## WHAT THIS TASK INVOLVES:
Restate the data that follows exactly as it stands, beginning with the first line and ending with the line that contains "Chattanooga Veterinary Center, US, emergency".

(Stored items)
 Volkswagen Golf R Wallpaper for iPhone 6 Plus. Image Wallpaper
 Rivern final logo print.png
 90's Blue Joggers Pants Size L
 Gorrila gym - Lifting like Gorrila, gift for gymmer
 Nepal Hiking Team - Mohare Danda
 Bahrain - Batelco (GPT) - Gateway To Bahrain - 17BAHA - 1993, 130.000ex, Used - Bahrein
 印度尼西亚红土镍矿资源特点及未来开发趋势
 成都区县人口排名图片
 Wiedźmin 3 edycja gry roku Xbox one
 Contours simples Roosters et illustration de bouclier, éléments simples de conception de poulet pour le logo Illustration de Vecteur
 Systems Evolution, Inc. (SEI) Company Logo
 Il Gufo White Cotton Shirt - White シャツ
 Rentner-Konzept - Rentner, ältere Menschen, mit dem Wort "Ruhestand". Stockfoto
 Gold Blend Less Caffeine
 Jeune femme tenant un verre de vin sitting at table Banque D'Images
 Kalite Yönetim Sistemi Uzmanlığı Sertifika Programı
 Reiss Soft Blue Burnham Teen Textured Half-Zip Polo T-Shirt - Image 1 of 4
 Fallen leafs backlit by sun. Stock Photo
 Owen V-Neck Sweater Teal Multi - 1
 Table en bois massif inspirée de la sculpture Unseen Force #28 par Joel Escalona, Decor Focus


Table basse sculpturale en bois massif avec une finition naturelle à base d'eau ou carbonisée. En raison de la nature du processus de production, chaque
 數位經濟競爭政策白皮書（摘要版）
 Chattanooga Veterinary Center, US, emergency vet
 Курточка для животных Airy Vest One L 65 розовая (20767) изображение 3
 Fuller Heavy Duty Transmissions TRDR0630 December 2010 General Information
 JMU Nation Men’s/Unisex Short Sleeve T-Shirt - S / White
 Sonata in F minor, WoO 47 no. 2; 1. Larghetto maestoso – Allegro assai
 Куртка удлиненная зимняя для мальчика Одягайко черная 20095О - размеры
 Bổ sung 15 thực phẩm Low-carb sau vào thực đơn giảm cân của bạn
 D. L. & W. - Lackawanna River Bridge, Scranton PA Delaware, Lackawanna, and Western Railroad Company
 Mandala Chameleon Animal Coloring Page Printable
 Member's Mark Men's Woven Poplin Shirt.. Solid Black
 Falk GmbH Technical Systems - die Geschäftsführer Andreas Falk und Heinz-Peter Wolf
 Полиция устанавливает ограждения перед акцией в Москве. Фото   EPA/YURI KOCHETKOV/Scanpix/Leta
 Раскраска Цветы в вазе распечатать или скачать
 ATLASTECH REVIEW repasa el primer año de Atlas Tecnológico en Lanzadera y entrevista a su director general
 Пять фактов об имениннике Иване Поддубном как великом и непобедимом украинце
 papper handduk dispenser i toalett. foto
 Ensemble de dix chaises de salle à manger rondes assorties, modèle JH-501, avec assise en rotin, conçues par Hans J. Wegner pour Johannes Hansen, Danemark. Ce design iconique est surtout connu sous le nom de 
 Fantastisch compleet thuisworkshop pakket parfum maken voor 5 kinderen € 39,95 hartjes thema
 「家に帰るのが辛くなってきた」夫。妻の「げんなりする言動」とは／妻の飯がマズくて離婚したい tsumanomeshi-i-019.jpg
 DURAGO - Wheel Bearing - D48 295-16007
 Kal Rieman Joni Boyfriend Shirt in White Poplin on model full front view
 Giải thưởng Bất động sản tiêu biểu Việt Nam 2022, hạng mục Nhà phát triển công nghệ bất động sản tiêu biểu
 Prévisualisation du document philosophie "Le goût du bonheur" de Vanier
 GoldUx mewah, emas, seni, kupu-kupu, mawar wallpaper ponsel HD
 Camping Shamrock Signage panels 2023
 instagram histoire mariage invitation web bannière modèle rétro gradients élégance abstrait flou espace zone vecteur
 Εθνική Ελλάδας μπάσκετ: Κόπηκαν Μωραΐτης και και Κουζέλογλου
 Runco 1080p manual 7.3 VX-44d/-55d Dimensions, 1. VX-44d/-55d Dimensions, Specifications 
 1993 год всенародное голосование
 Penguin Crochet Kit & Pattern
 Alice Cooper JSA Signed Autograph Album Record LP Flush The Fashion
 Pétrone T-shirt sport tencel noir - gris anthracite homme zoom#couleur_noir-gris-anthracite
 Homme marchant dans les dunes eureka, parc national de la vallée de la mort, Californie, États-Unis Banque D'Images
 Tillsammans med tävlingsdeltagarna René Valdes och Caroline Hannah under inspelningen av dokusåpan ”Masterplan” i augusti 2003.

## PROBLEM SOLUTION:
 Volkswagen Golf R Wallpaper for iPhone 6 Plus. Image Wallpaper
 Rivern final logo print.png
 90's Blue Joggers Pants Size L
 Gorrila gym - Lifting like Gorrila, gift for gymmer
 Nepal Hiking Team - Mohare Danda
 Bahrain - Batelco (GPT) - Gateway To Bahrain - 17BAHA - 1993, 130.000ex, Used - Bahrein
 印度尼西亚红土镍矿资源特点及未来开发趋势
 成都区县人口排名图片
 Wiedźmin 3 edycja gry roku Xbox one
 Contours simples Roosters et illustration de bouclier, éléments simples de conception de poulet pour le logo Illustration de Vecteur
 Systems Evolution, Inc. (SEI) Company Logo
 Il Gufo White Cotton Shirt - White シャツ
 Rentner-Konzept - Rentner, ältere Menschen, mit dem Wort "Ruhestand". Stockfoto
 Gold Blend Less Caffeine
 Jeune femme tenant un verre de vin sitting at table Banque D'Images
 Kalite Yönetim Sistemi Uzmanlığı Sertifika Programı
 Reiss Soft Blue Burnham Teen Textured Half-Zip Polo T-Shirt - Image 1 of 4
 Fallen leafs backlit by sun. Stock Photo
 Owen V-Neck Sweater Teal Multi - 1
 Table en bois massif inspirée de la sculpture Unseen Force #28 par Joel Escalona, Decor Focus


Table basse sculpturale en bois massif avec une finition naturelle à base d'eau ou carbonisée. En raison de la nature du processus de production, chaque
 數位經濟競爭政策白皮書（摘要版）
 Chattanooga Veterinary Center, US, emergency vet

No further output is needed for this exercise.